Die Tatsache, dass die vier größten Frachtschiffe innerhalb der letzten drei Jahre alle angegriffen wurden, unterstreicht die Verwundbarkeit der Schifffahrtsindustrie. An Land sind die Schifffahrtsunternehmen genauso verwundbar wie andere multinationale Unternehmen. „Der dezentrale Aufbau von Reedereien und Logistikunternehmen mit einem Netzwerk von Tochtergesellschaften und Agenten, die alle Zugang zu den Servern eines Unternehmens haben, bietet eine sehr breite Angriffsfläche", sagt Lars Jensen. Daher empfiehlt der Experte, dass Cybersicherheit Teil des Notfallplans eines jeden Unternehmens sein sollte.
 

Warum werden Reedereien zur Zielscheibe?

Im Allgemeinen gibt es zwei Arten von Angreifern. Zum einem gibt es staatlich geförderte Akteure, die Cyberangriffe zu politischen Zwecken einsetzen. Reedereien können in einem Streit zwischen zwei Staaten zu Kollateralschäden werden. Im Jahr 2017 zwang ein Cyberangriff Maersk dazu, den Betrieb für mehrere Tage einzustellen, was für die Reederei finanzielle Verluste in Höhe von über 300 Millionen US-Dollar verursachte. Verursacht wurde er durch die Malware NotPetya, die hauptsächlich den Staat Ukraine ins Visier nahm. Viele andere globale Unternehmen waren ebenfalls davon betroffen.

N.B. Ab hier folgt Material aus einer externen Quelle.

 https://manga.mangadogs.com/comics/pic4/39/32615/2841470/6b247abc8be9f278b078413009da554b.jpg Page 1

Für die zweite Art von Angreifern sind Cyberangriffe ein Geschäftsmodell. Kriminelle benutzen Lösegeldforderungen, um Unternehmen zur Zahlung hoher Summen zu zwingen, nachdem ihre Systeme infiltriert worden sind. In solchen Situationen müssen die Unternehmen eine schnelle Entscheidung treffen: Zahlen sie den Kriminellen das, was sie verlangen, in Bitcoins, oder riskieren sie einen noch größeren finanziellen Schaden, wenn sie sich nicht daran halten? Und es gibt schlechte Nachrichten für die Reedereien: „Jeder kann zur Zielscheibe von Cyberkriminellen werden", erklärt Lars Jensen. „Es gibt keine Möglichkeit, Ihr System zu 100 Prozent sicher zu machen. Und wenn ein Unternehmen angegriffen wurde, bedeutet das nicht unbedingt, dass es etwas falsch gemacht hat. Die Frage ist, wie gut das Unternehmen auf die Konsequenzen vorbereitet ist".

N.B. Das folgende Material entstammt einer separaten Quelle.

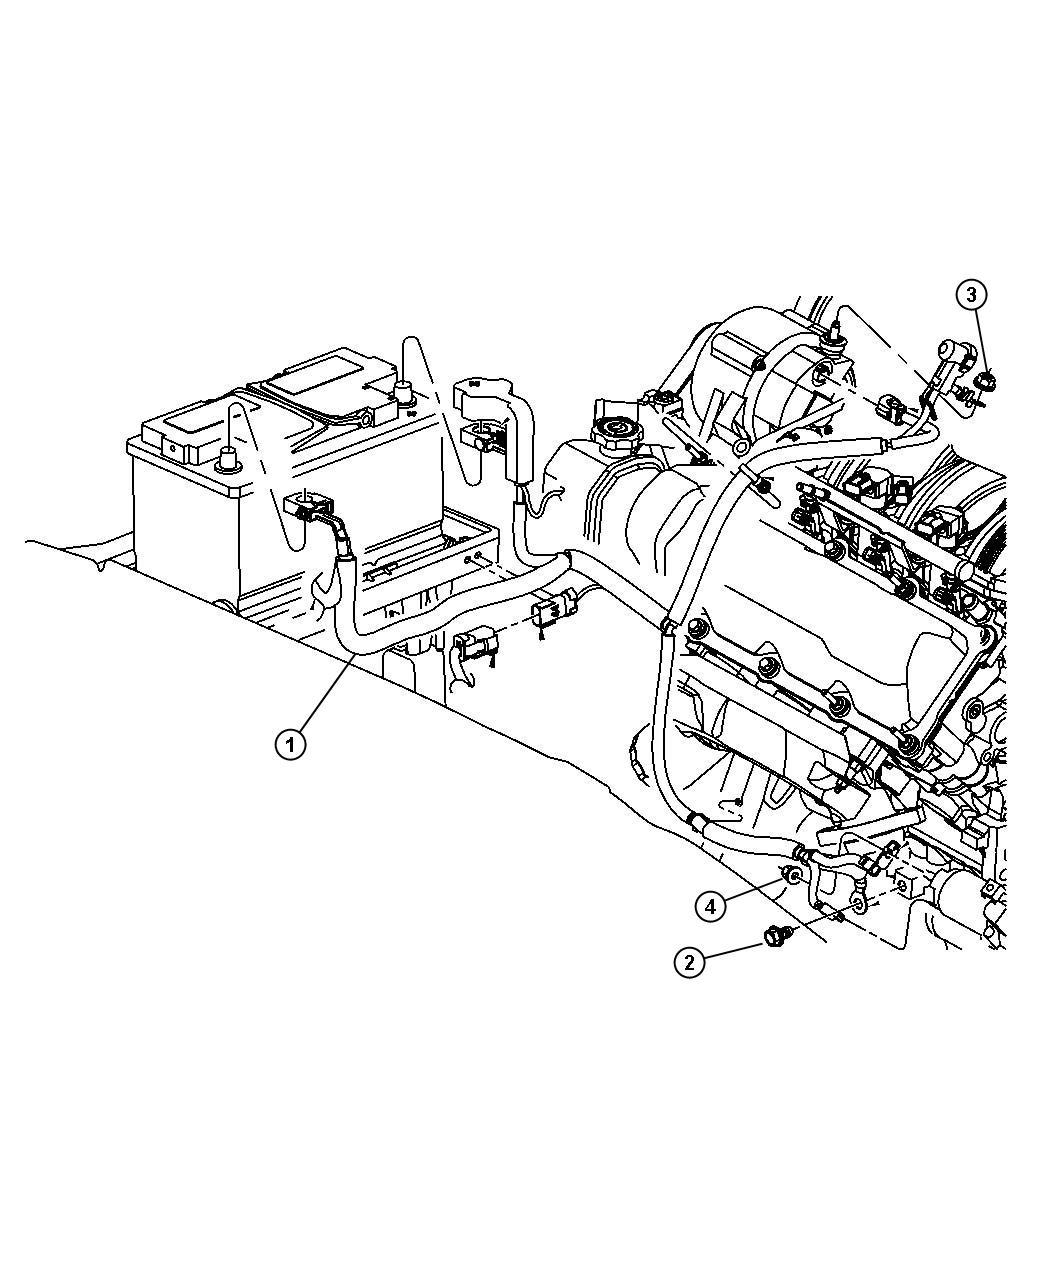 jeep commander wiring used for alternator and battery. Black Bedroom Furniture Sets. Home Design Ideas

Jensen verwendet ein einfaches Beispiel. Man kann kein funktionales Haus bauen, das 100 Prozent feuersicher ist. Aber Sie können Ihr Haus so gestalten, dass Sie, sobald ein Feuer ausbricht, dessen Ausbreitung durch den Einbau von Brandschutztüren und feuerfesten Materialien verhindern. Das IT-System eines jeden Unternehmens sollte so eingerichtet werden, dass Malware oder Viren nicht das gesamte System lahm legen. Gleichzeitig sollten Unternehmen ihre Systeme regelmäßig aktualisieren und Backups erstellen.

Was können Unternehmen tun, um ihre Systeme zu schützen?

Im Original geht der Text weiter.